MiniMax M2.7: strong but with trade-offs
MiniMax M2.7 ties for first on Sonnet match at 77% and scores well on consensus. It’s a genuinely good tool-calling model. But it has no vision capability, and it’s a much larger model parameter-wise — you can’t self-host it on consumer hardware. For a browser agent that needs both tool routing and screenshot understanding, MiniMax can only fill one of those roles. It cost $0.16 for the full 100-prompt run via OpenRouter, which is cheap for an API but infinitely more than the $0 self-hosted models.
Nemotron Omni 30B is solid
NVIDIA’s Nemotron Omni 30B-A3B doesn’t top any leaderboard here, but it’s a reliable mid-tier pick at 53% consensus and 66% Sonnet match. Its lower tool-call rate (76%) means it’s more conservative about routing — it sometimes declines to pick a tool rather than guessing wrong. For use cases where false positives are costly, that caution has value.
Qwen 3.5-4B: the biggest surprise in the benchmark
This is the result that genuinely surprised us. At just 4B parameters, Qwen 3.5-4B hits 86% consensus agreement and 73% Sonnet match — competitive with models 7× its size. It outperforms the 9B Qwen on both metrics. It beats every Gemma 4 variant on consensus. It even edges out MiniMax on Sonnet match. For the amount of VRAM it uses (≤8 GB), the tool-calling quality is remarkable. If you are building a browser agent on constrained hardware, this tiny model deserves serious consideration.

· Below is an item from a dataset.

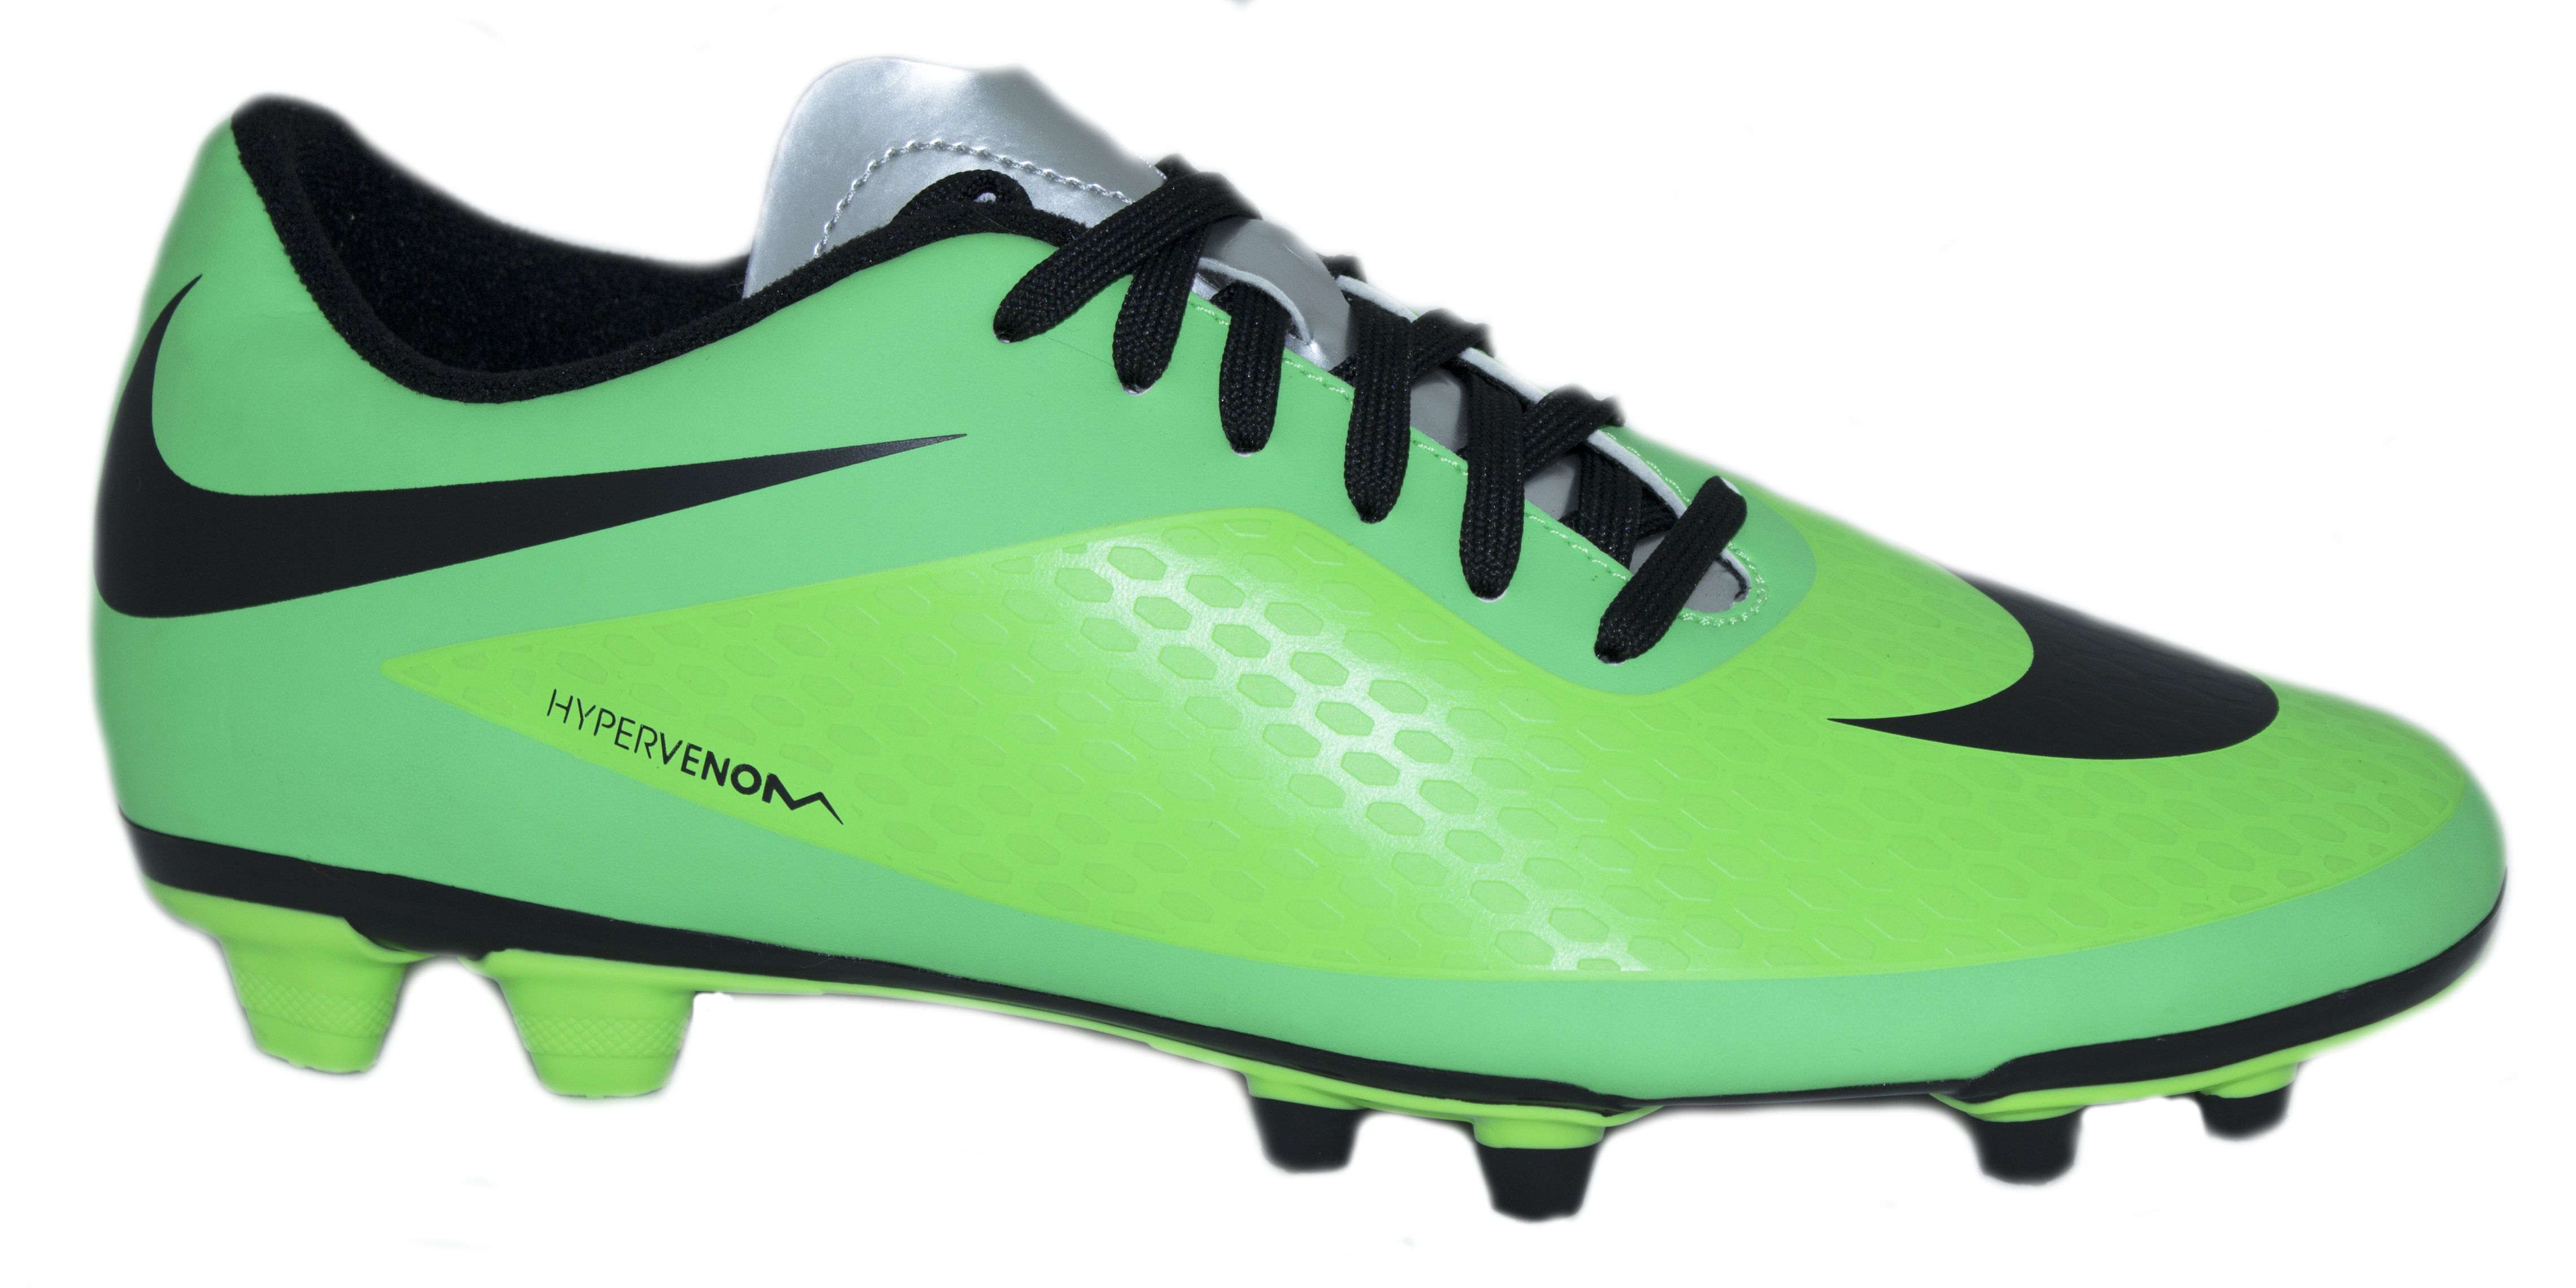 COMPRA ONLINE  WWW.IMPERIALSHOP.CO Guayos Nike Hypervenom Phade FG ... ae26a5a9cdeae

Sub-2B: Gemma 4-E2B is the best of the small
In the smallest weight class (under 2B parameters), Gemma 4-E2B clearly beats both Qwen 3.5-0.8B and 3.5-2B. It reaches 82% consensus agreement where the two Qwen sub-2B models manage only 43–49%. The E2B also has the fastest latency in the entire benchmark. It’s not accurate enough to trust unsupervised, but if you need a tiny model for pre-filtering or speculative routing on extremely limited hardware, Gemma 4-E2B is the only sub-2B option worth considering.
Explore the raw data
All benchmark data is open. The repo contains both spreadsheets and an interactive HTML explorer that lets you drill into per-task differences:
Files included:
llm_browser_agent_vs_consensus.xlsx— full consensus benchmark with per-task breakdownsllm_browser_agent_vs_sonnet.xlsx— Sonnet 4.6 comparison with per-task breakdownsllm_browser_agent_vs_sonnet_simple.html— interactive leaderboard and per-task matrix (open locally in a browser)
What we’re doing with this
WebBrain already uses Qwen 3.6-35B-A3B as the default planner for self-hosted deployments. This benchmark confirms that choice for consensus-safe routing. We are also exploring a hybrid approach: use the MoE for fast routing on clear-cut prompts, and fall back to the dense 27B (or an API call to Sonnet) for ambiguous cases where frontier judgment matters more than speed.
The per-task data also revealed specific prompt categories where all local models diverge from Sonnet — these are candidates for improved system prompts or few-shot examples in the tool-calling pipeline.